### Task item
Using the material below, print the line that contains "Teppich Agadir –", the line that contains "Jeune homme d'encombrement", and every line in between, exactly and nothing else.

### Study material
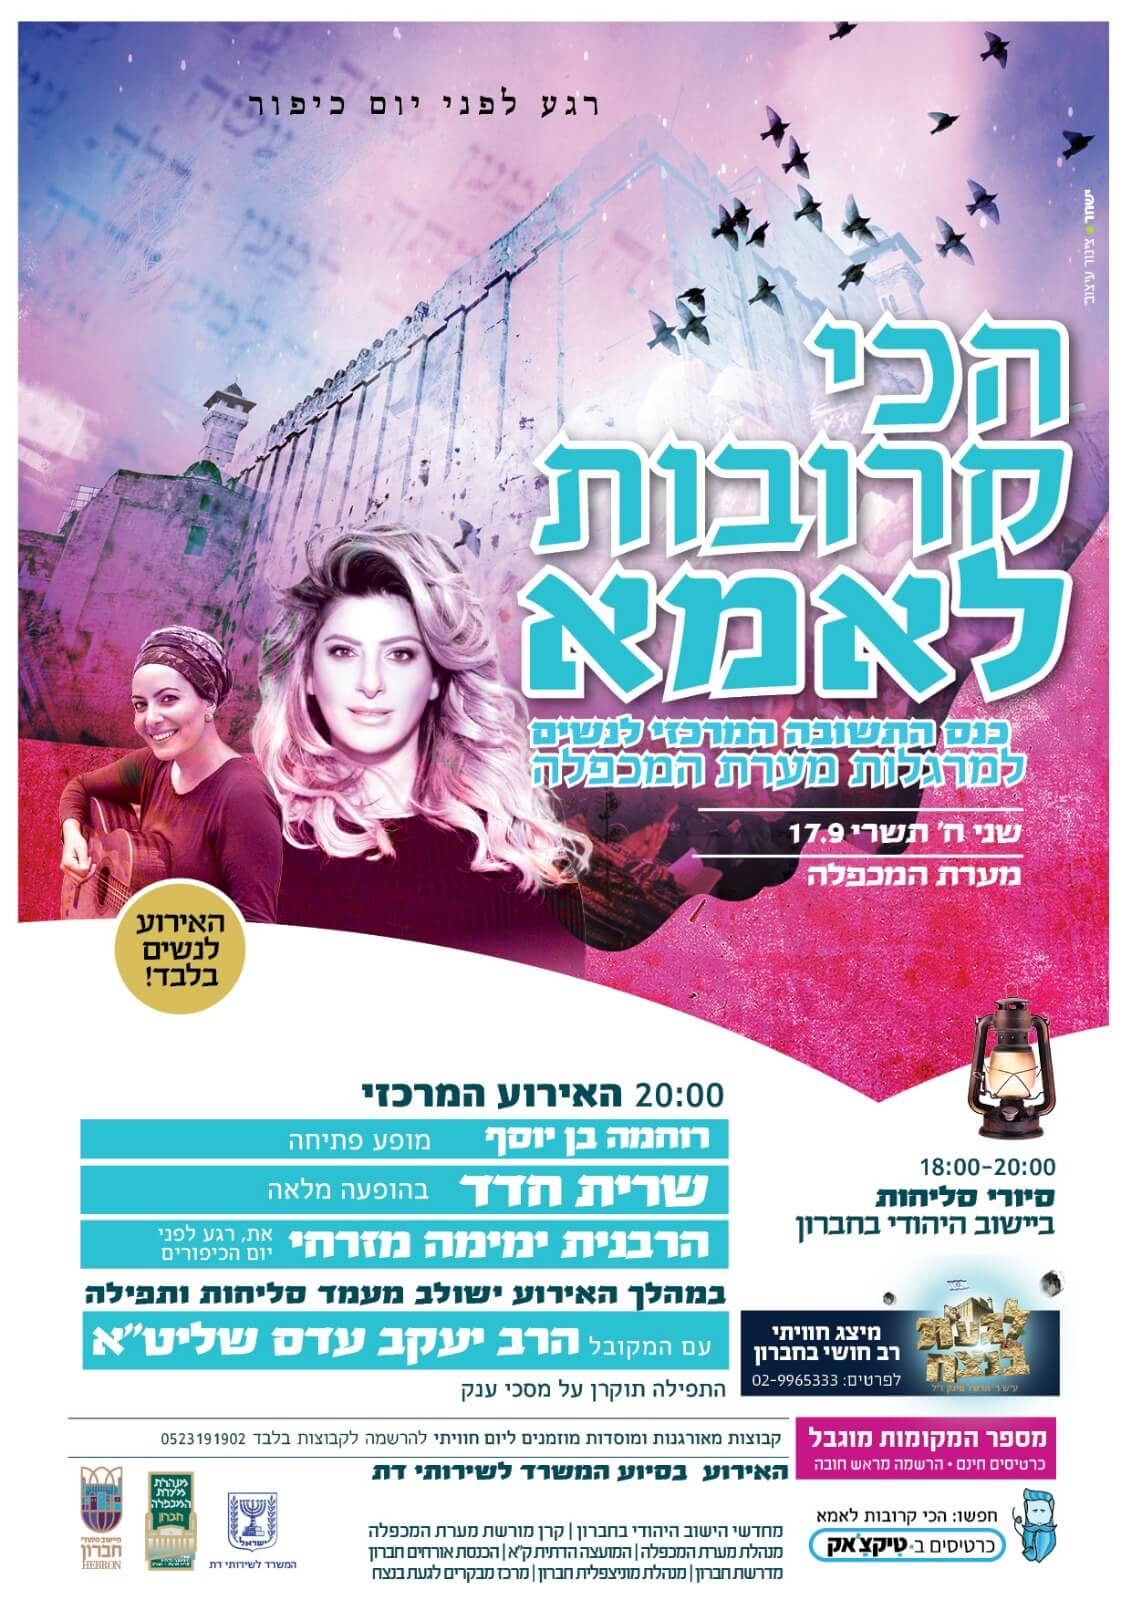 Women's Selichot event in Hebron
...
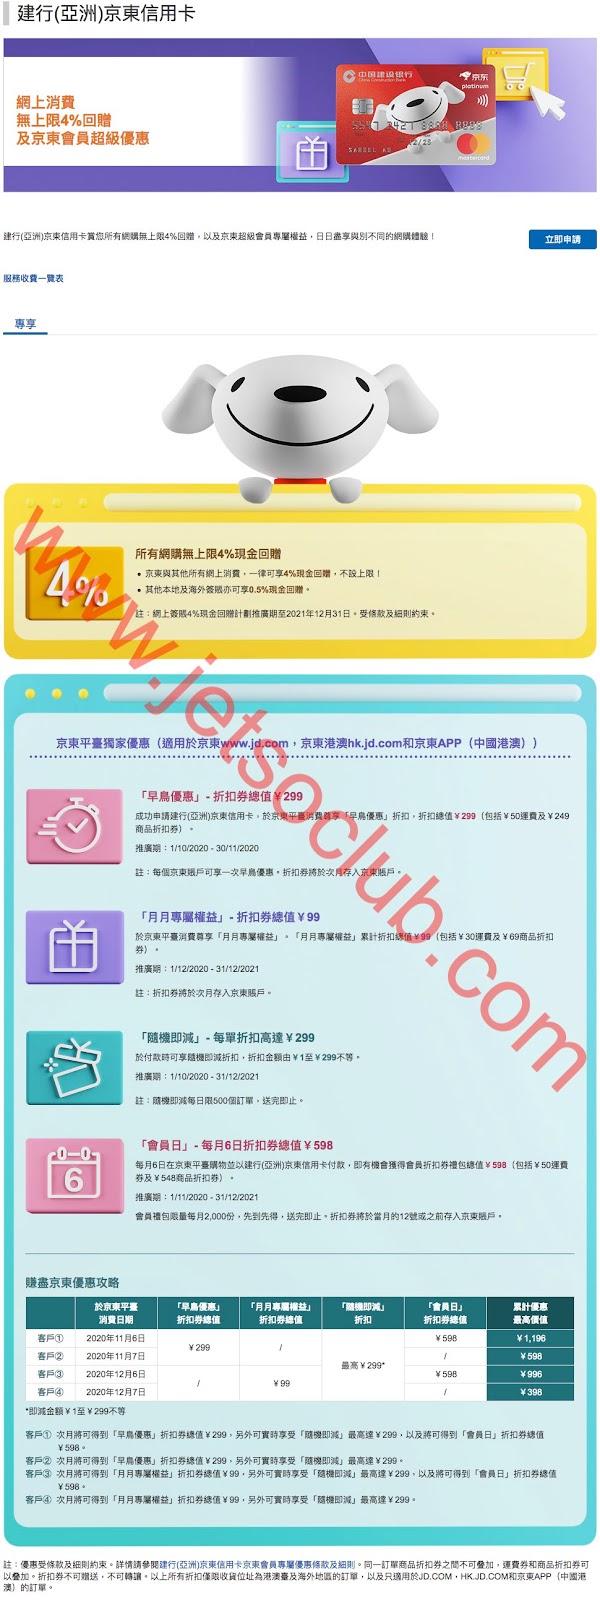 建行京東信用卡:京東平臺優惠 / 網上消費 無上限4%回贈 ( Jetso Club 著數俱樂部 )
---
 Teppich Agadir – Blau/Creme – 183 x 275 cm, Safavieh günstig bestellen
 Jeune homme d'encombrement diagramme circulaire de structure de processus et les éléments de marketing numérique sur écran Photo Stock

### Response to this exercise
 Teppich Agadir – Blau/Creme – 183 x 275 cm, Safavieh günstig bestellen
 Jeune homme d'encombrement diagramme circulaire de structure de processus et les éléments de marketing numérique sur écran Photo Stock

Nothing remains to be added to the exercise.